A composition for predicting the response and survival prognosis of an anticancer agent in lung cancer patients.
7. The composition of claim 6, wherein the anticancer agent is paclitaxel or cisplatin.
A composition for predicting the reactivity and survival prognosis of an anticancer agent in a lung cancer patient, comprising a polynucleotide that specifically hybridizes with the polynucleotide of claim 6.
9. The composition of claim 8, wherein the specifically hybridizing polynucleotide is an allele-specific probe or an allele-specific primer.
A composition for predicting the reactivity and survival prognosis of an anticancer agent in a lung cancer patient, comprising a polypeptide encoded by the polynucleotide of claim 6.

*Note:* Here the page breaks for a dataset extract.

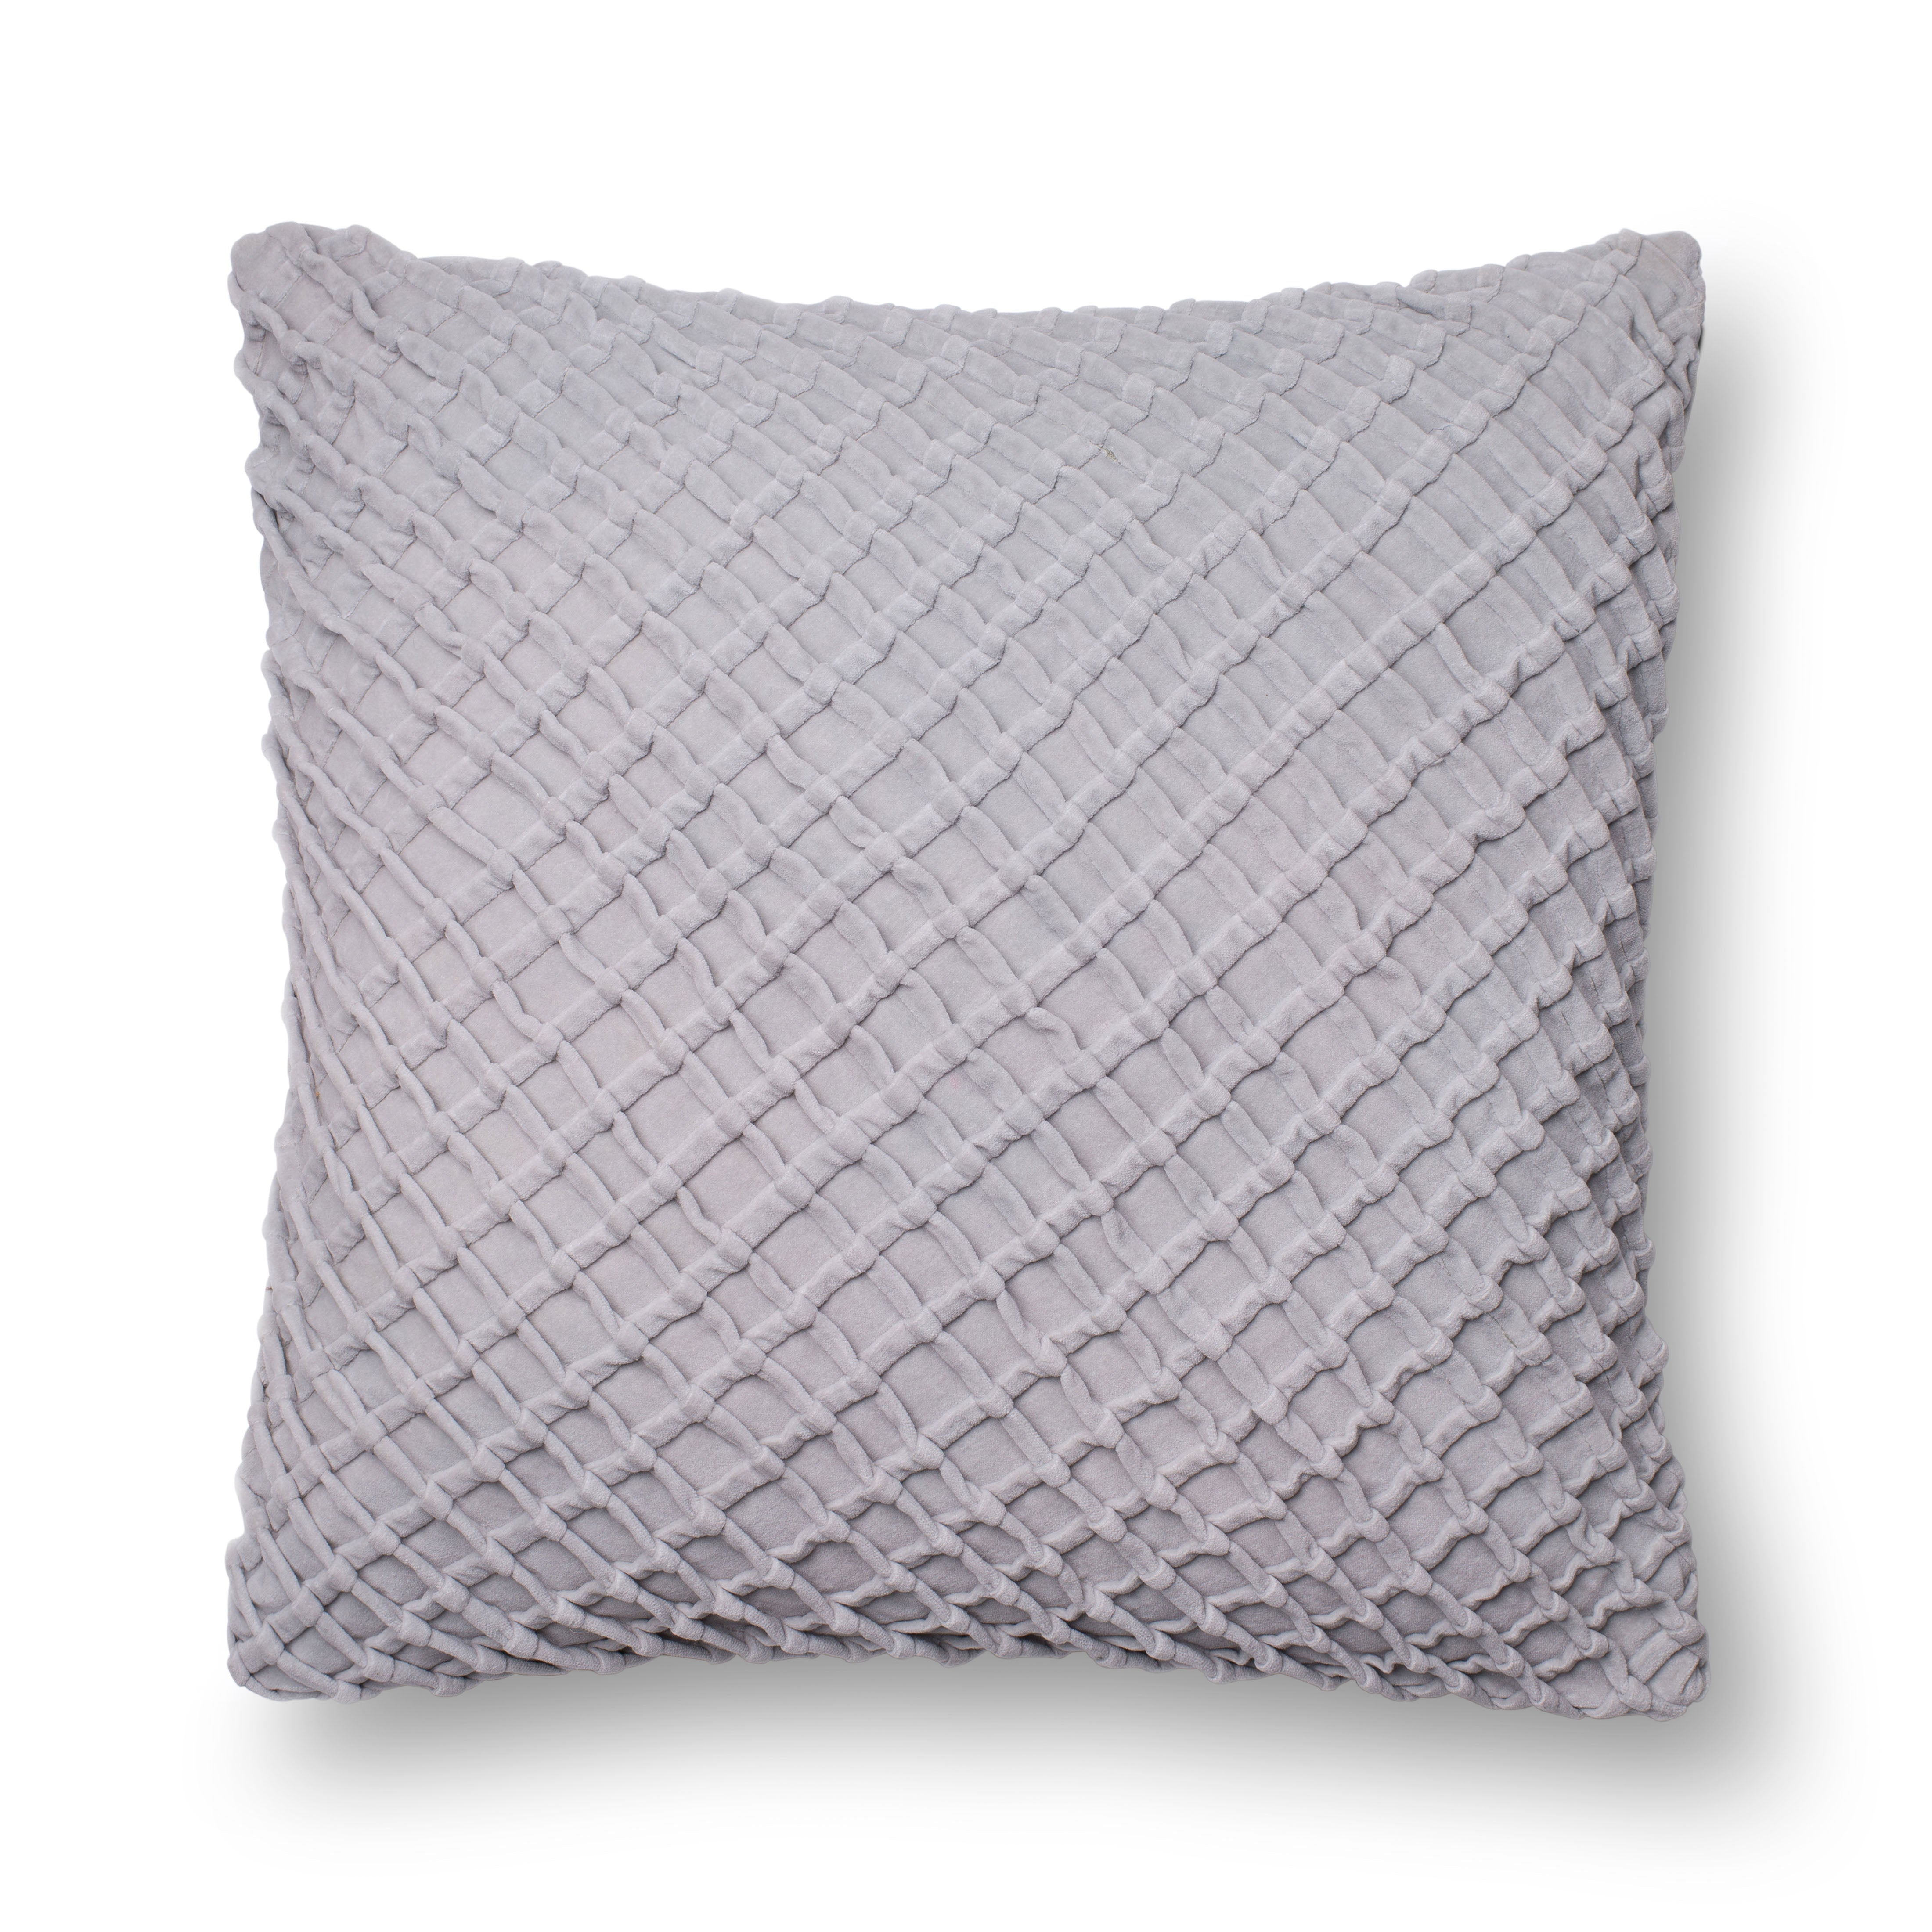 P0125 Grey Pillow

A microarray for predicting the reactivity and survival prognosis of an anticancer agent of a lung cancer patient comprising the polynucleotide of claim 6, a polynucleotide that hybridizes therewith, or a polypeptide specifically or specifically encoded thereby.
A kit for predicting the reactivity and survival prognosis of an anticancer agent in lung cancer patients including the microarray of claim 11.